Pictures stay out of the output. Return exactly the lines below from the one with "online retailer 8c534" down to the one with "Chinese Zodiac Kitchen", both included, and nothing more.

### Records for the exercise:
◆ ◆ ◆ ◆ ◆ ◆ ◆
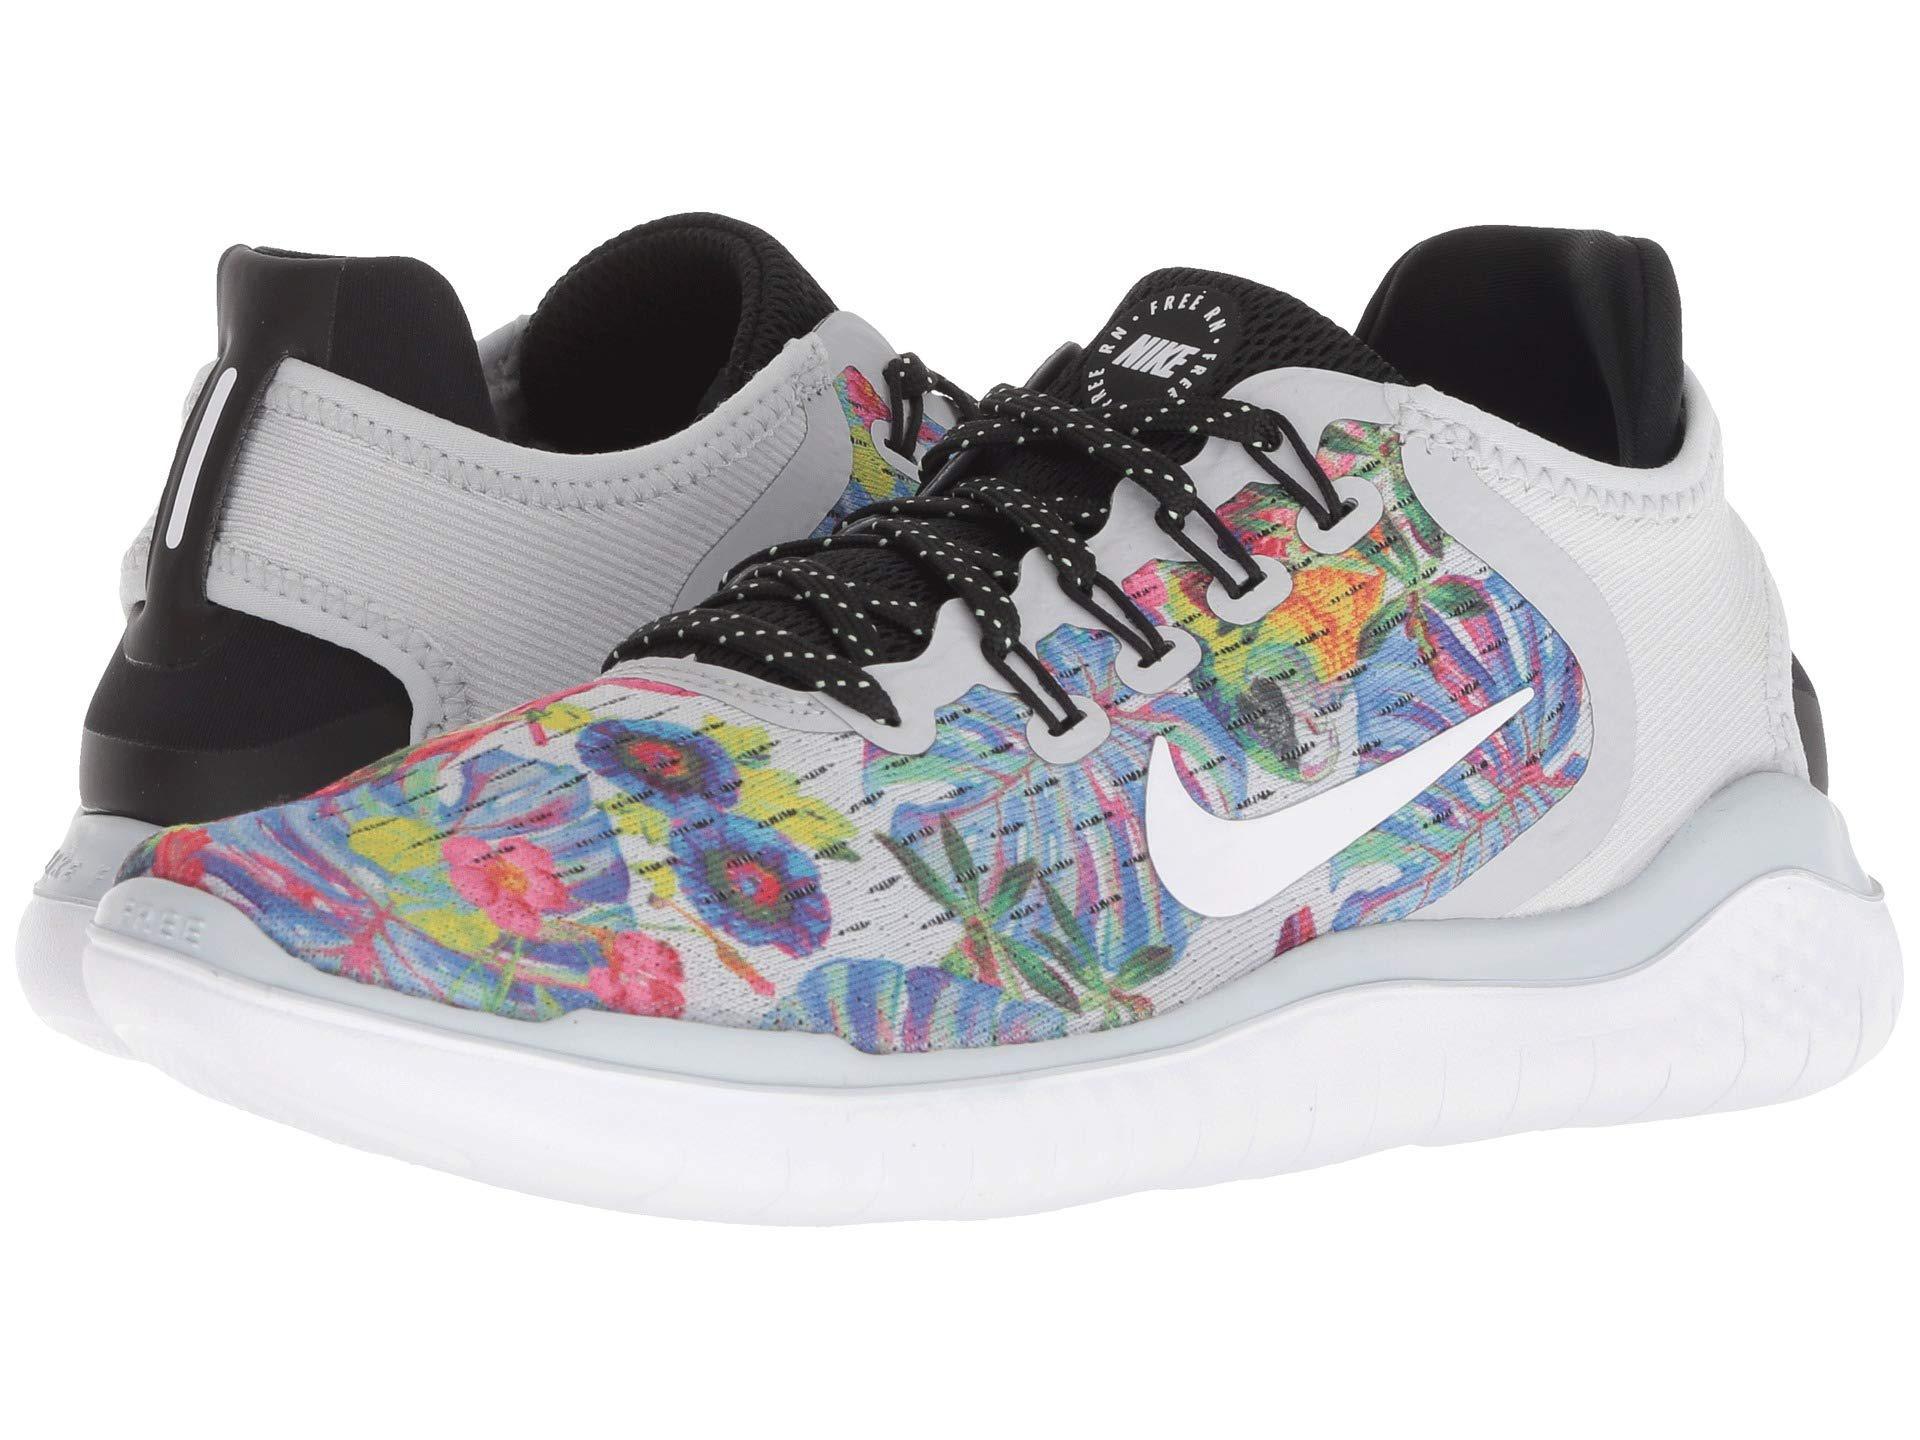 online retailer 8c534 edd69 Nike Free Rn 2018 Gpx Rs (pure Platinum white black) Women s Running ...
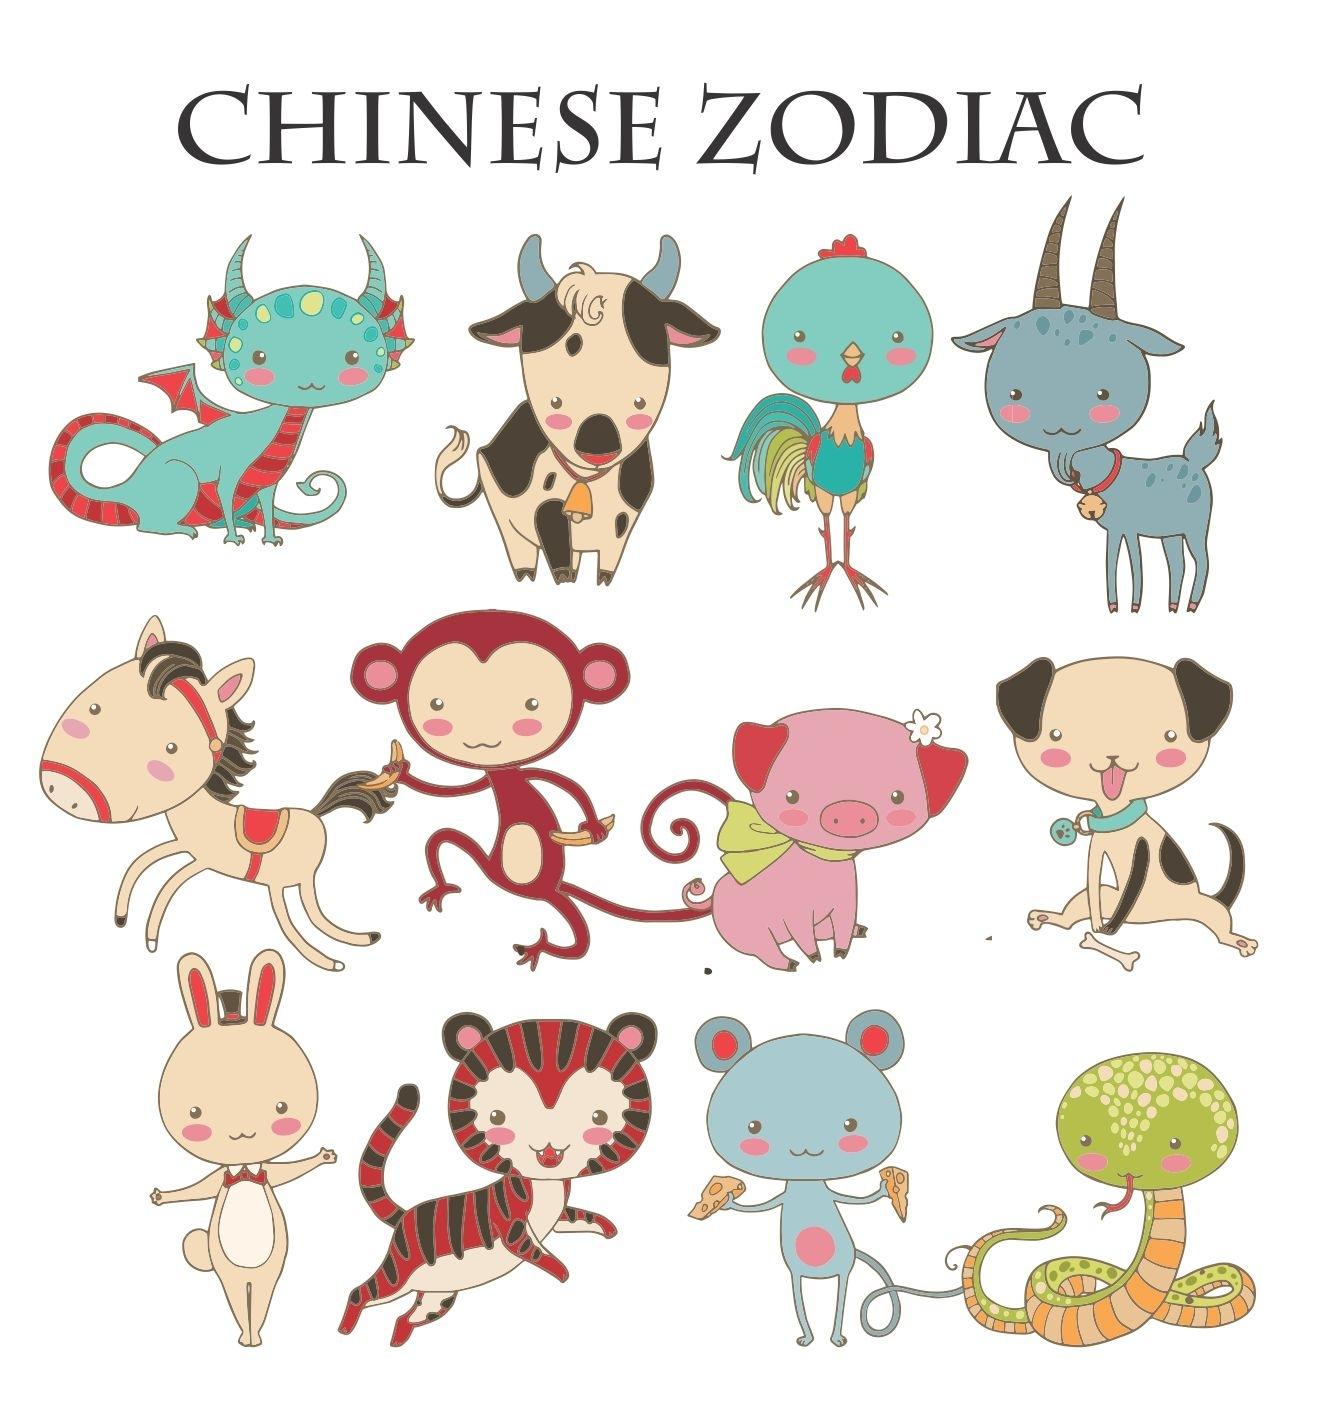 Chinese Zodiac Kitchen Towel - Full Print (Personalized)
◆ ◆ ◆ ◆ ◆ ◆ ◆
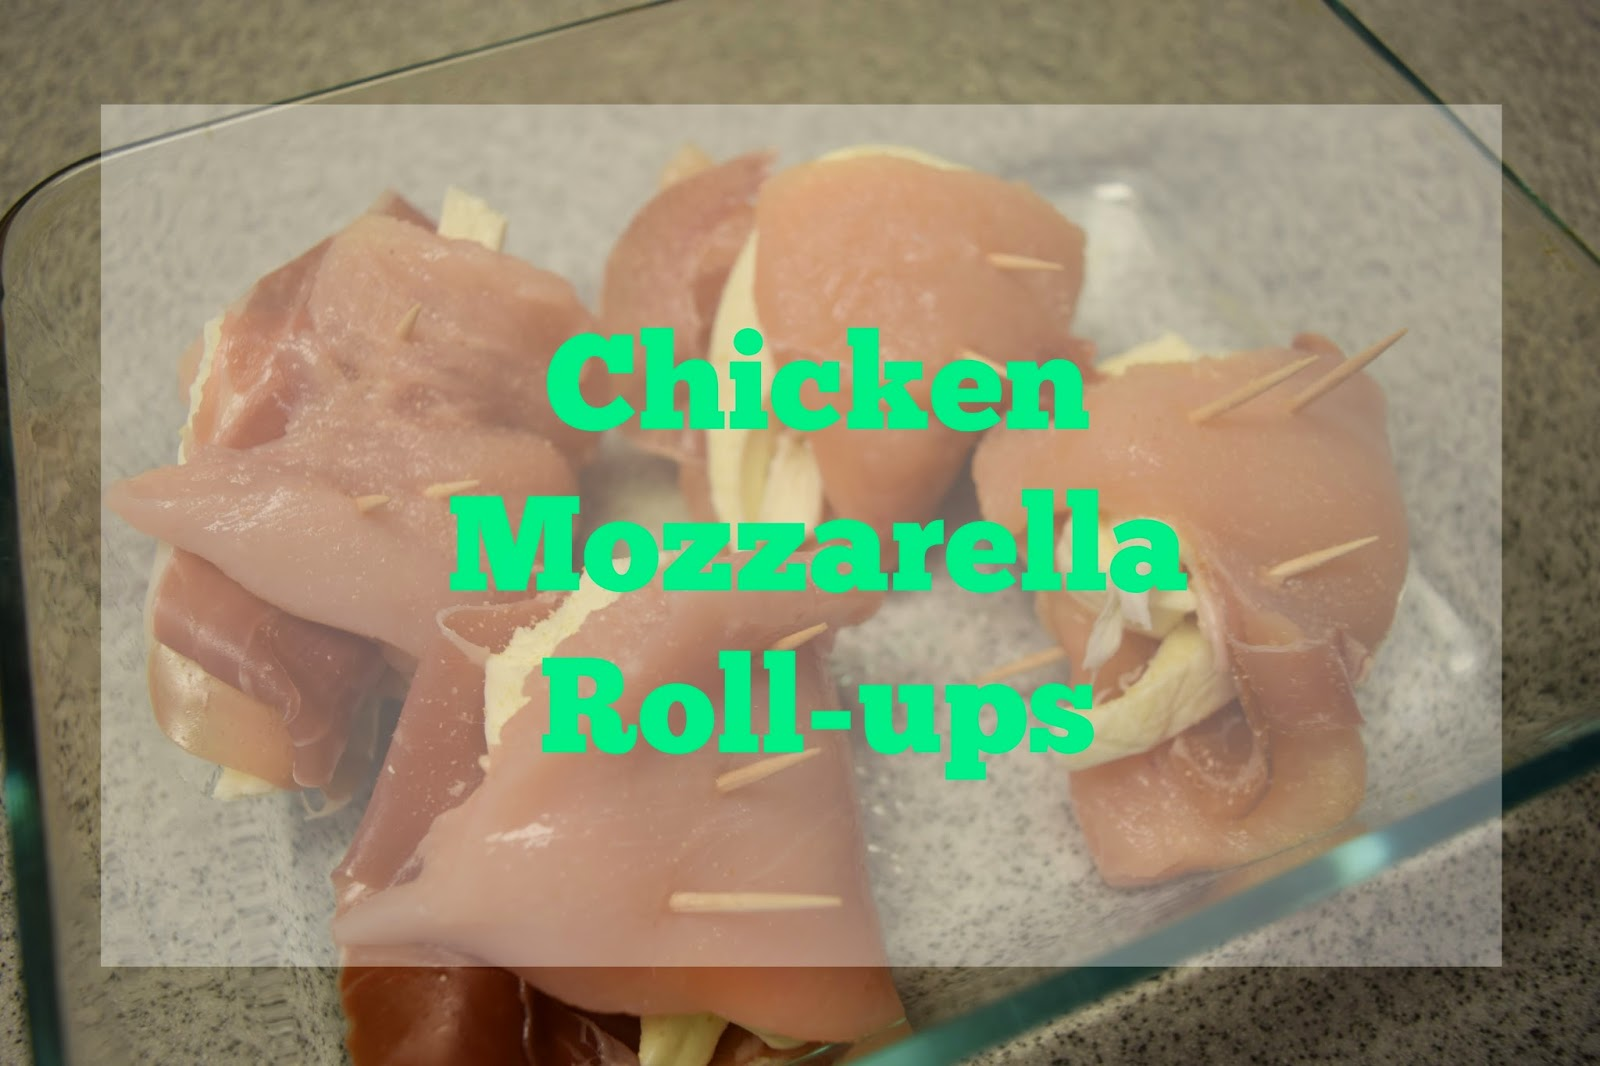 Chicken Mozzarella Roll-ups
◆ ◆ ◆ ◆ ◆ ◆ ◆
### Response to the exercise:
 online retailer 8c534 edd69 Nike Free Rn 2018 Gpx Rs (pure Platinum white black) Women s Running ...
 Chinese Zodiac Kitchen Towel - Full Print (Personalized)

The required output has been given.